Why Do Robots Need to Think Ahead?
Imagine you're reaching for your coffee mug on a crowded desk. Without thinking about it, your brain predicts how your hand will move, what obstacles it might encounter, and how the mug will feel when grasped. This ability to anticipate future states - what we call "world modeling" - is something we humans do naturally.
For robots, this same ability is crucial. A robot that can predict the consequences of its actions will make better decisions than one that simply reacts to the current moment. When a robot can "imagine" what will happen after it moves, it gains a powerful advantage in complex tasks like picking up objects, opening drawers, or manipulating tools.
Explicit World Modeling is Challenging, But Is It Necessary?
However, teaching robots to predict the future has been incredibly expensive computationally until now. Existing approaches such as UniPi, GR1 & GR2 train the robot policy model to predict entire future video / image frames pixel-by-pixel - like asking someone to paint a detailed portrait just to decide where to place their hand. This approach requires massive generative models that are slow and computationally intensive.


Is it really necessary to predict the future pixel by pixel? For the concrete task of "pick up the water bottle and place it in the yellow container", the core visual information is the position, orientation, and geometry of water bottle and the yellow container.

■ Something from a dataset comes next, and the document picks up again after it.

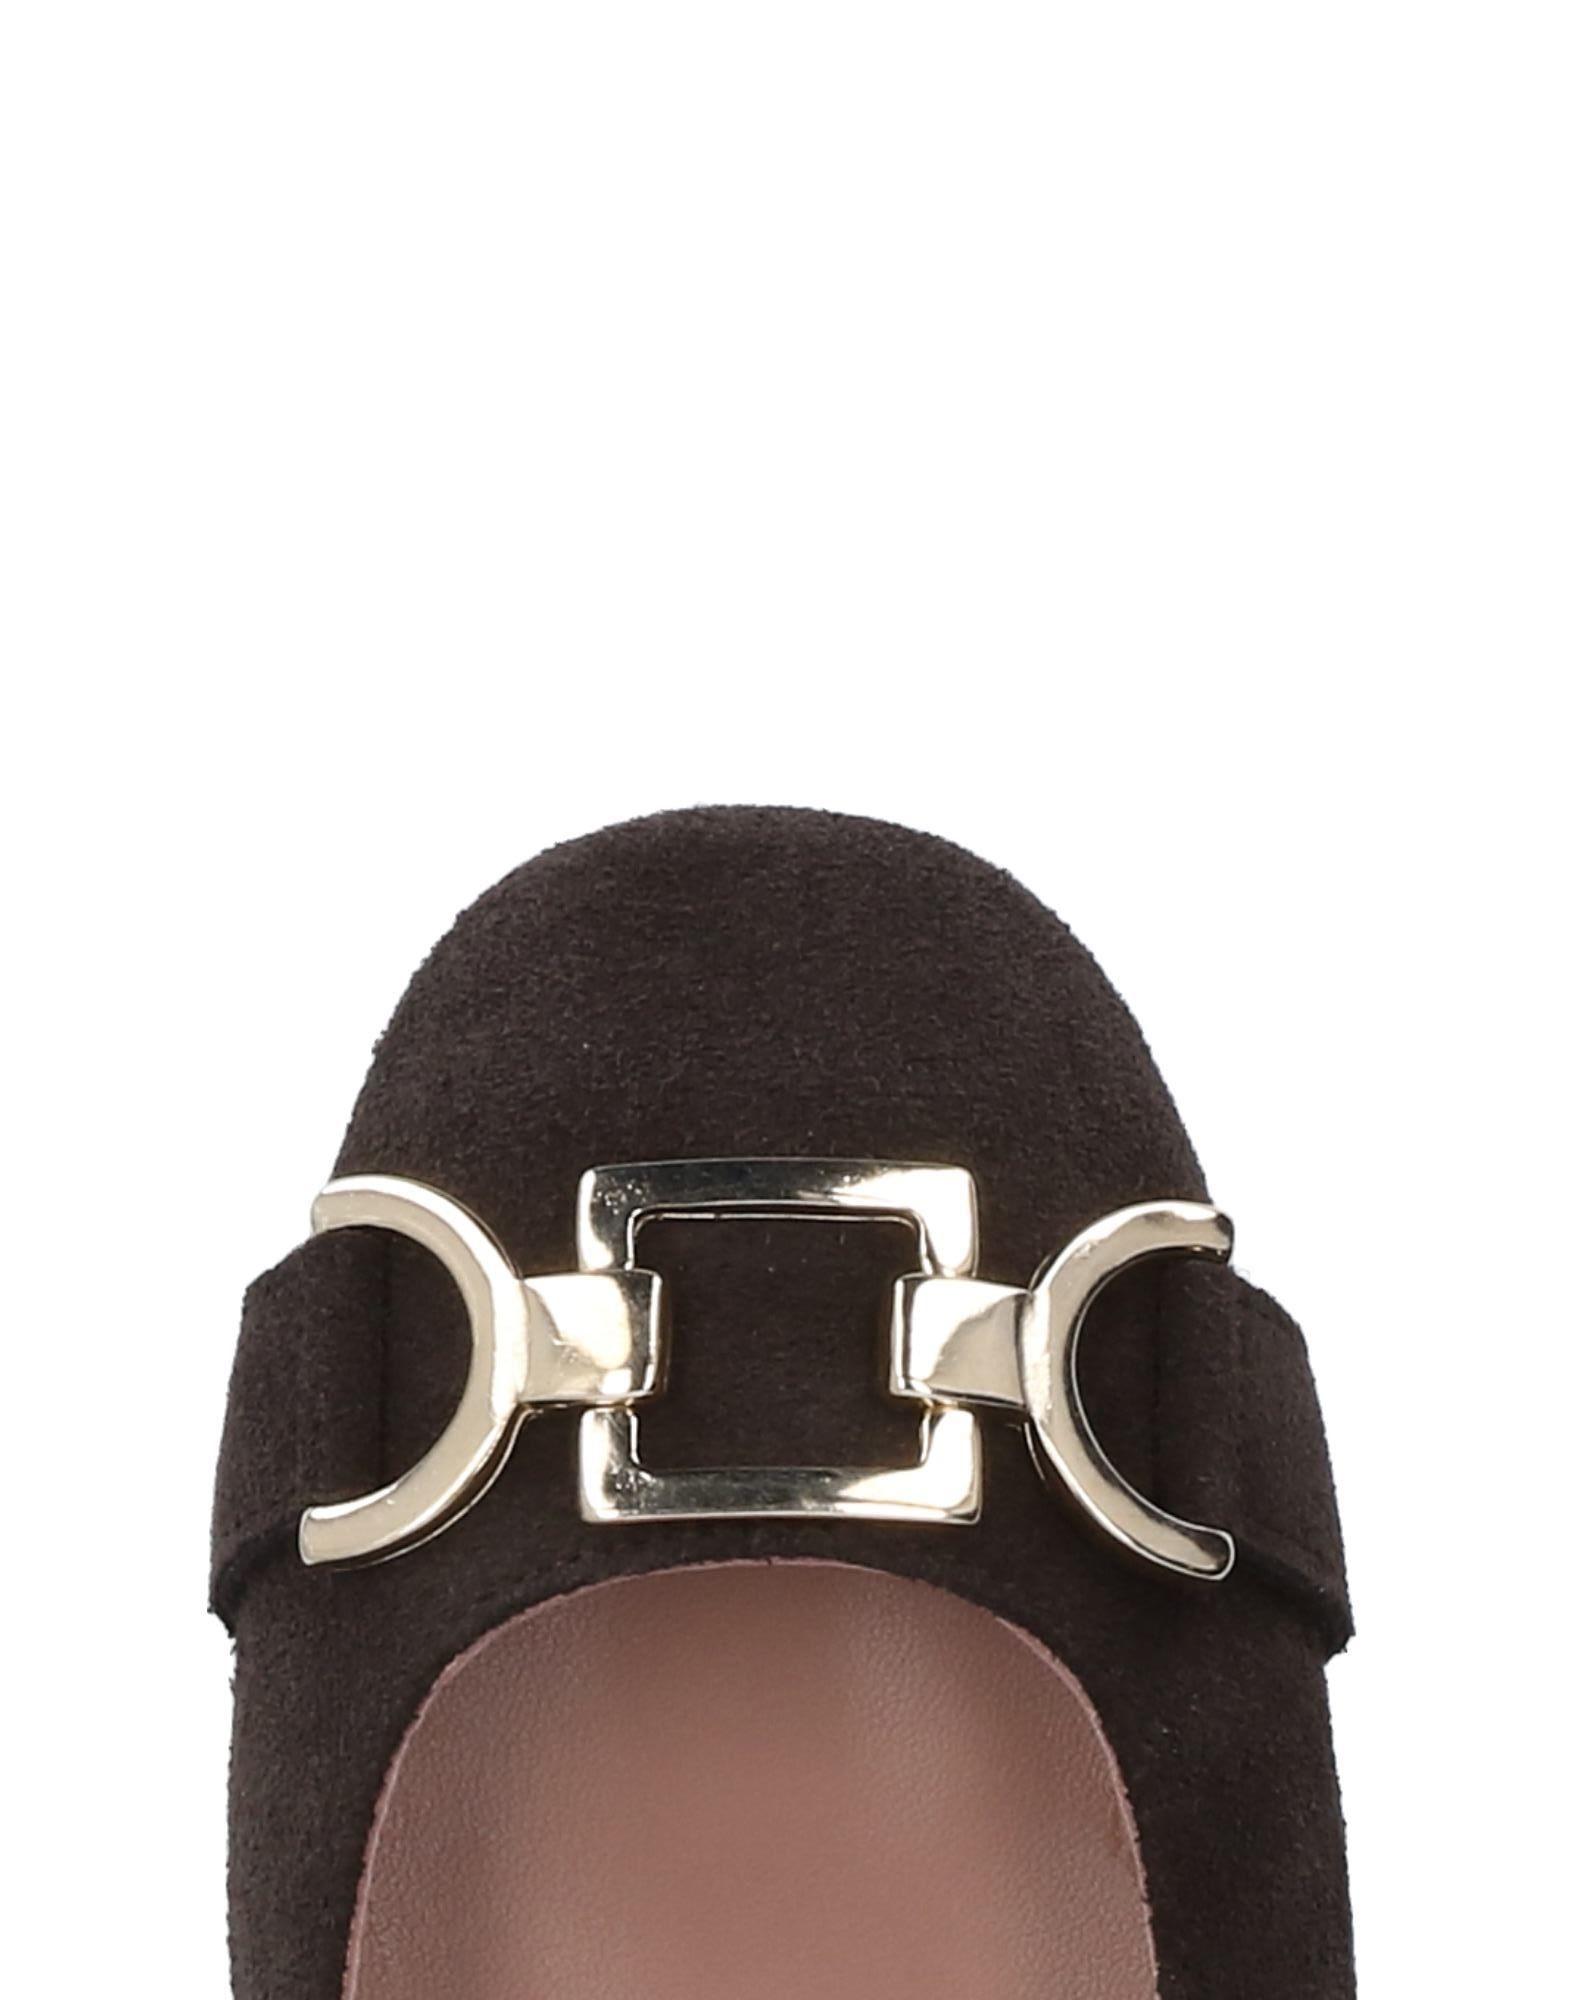 Stilvolle Pumps billige Schuhe Settantatre Lr Pumps Stilvolle Damen  11515395TG 516e3a

Yet, the pixel-by-pixel prediction also reconstructs irrelevant details, such as a person passing by in the background. Instead, learning a policy-oriented world model is more efficient: we can shift from predicting pixels to predicting embeddings.
Introducing FLARE: A Simple, Lightweight Solution for Joint Policy and Latent World Modeling
This is where our approach, Future LAtent REpresentation Alignment (FLARE), comes in. Instead of forcing the model to predict entire visual scenes, we teach them to predict compact, meaningful representations of future states.
FLARE works by adding a few additional learnable "future tokens" to standard vision-language-action (VLA) models. These tokens are trained to align with the future robot observation embedding as an auxiliary loss alongside the regular action flowmatching loss. In this way, we encourage the denoising policy network to internally reason about the future latent state while maintaining its action prediction capability.
The beauty of FLARE is its simplicity - it requires only minor modifications to existing architectures and adds minimal overhead to both training and inference, yet delivers substantial performance improvements. During inference, no future vision-language embedding needs to be calculated, making the overhead especially minimal at policy deployment time.
A compact yet action aware embedding model
To make FLARE even more powerful, we developed a specialized embedding model that captures exactly what matters for robot control. Our action aware embedding model compresses the robot's vision language observations into a compact representation that's explicitly optimized for predicting actions.
This embedding model is pretrained on diverse robotic datasets spanning different robot embodiments, tasks, and environments, with data mixture visualized in the pie chart below. The result is representation that is compact but understands the essential features of a scene that matter for robot control, filtering out distractions and focusing on actionable information.
Empirical Results of FLARE on Multitask Imitation Learning
Empirically, FLARE achieves state-of-the-art performance on two challenging multitask robotic manipulation imitation learning benchmarks. Specifically, across both benchmarks—one featuring a single robotic arm and the other a humanoid robot—FLARE consistently outperforms baseline methods that rely on explicit world modeling or conventional policy learning approaches.
Beyond simulation benchmarks, we also evaluate FLARE on four real-world GR-1 humanoid manipulation tasks. With 100 trajectories per task, FLARE achieves an average success rate of 95.1%. Below, we showcase the rollout videos of the FLARE trained policy at 1x playback speed.
Learning from Human Egocentric Videos
FLARE can also be naturally extended to trajectories without action annotations, such as human egocentric demonstrations collected by a head-mounted GoPro. This setting is particularly attractive, as collecting human demonstrations is substantially more cost-effective and efficient than teleoperating a robot to execute the same tasks.
Human Demonstration
Robot Teleoperation Trajectory
However, learning from human videos presents unique challenges. Camera angles differ significantly between a head-mounted GoPro and a robot's perspective. The embodiment gap means humans and robots have different physical capabilities and constraints. Above we show a pair of human egocentric video and a humanoid robot demonstration trajectory performing the similar task.
For our experiments, we chose five objects with novel shapes that demanded special grasping techniques. We collected abundant human demonstrations (150 per object) using a simple head-mounted GoPro, but only a handful (up to 10) of robot demonstrations. We then trained FLARE on this data mixture - blending our limited robot demos, our GR1 in-house pretraining dataset, and the abundant human videos. For robot demos, we used both action flow-matching and future alignment objectives, but for human videos (which lack action labels), we relied solely on the future alignment loss to capture the underlying dynamics.
As shown in the barplot above, with only 1 teleoperated demonstration per object, FLARE trained with 1 shot achieves 37.5% success. Adding human egocentric videos boosts this to 60% with one demo and 80% with 10 demos per object. Below, we show rollout videos of the FLARE trained policy with 1 demo per object performing on five different objects.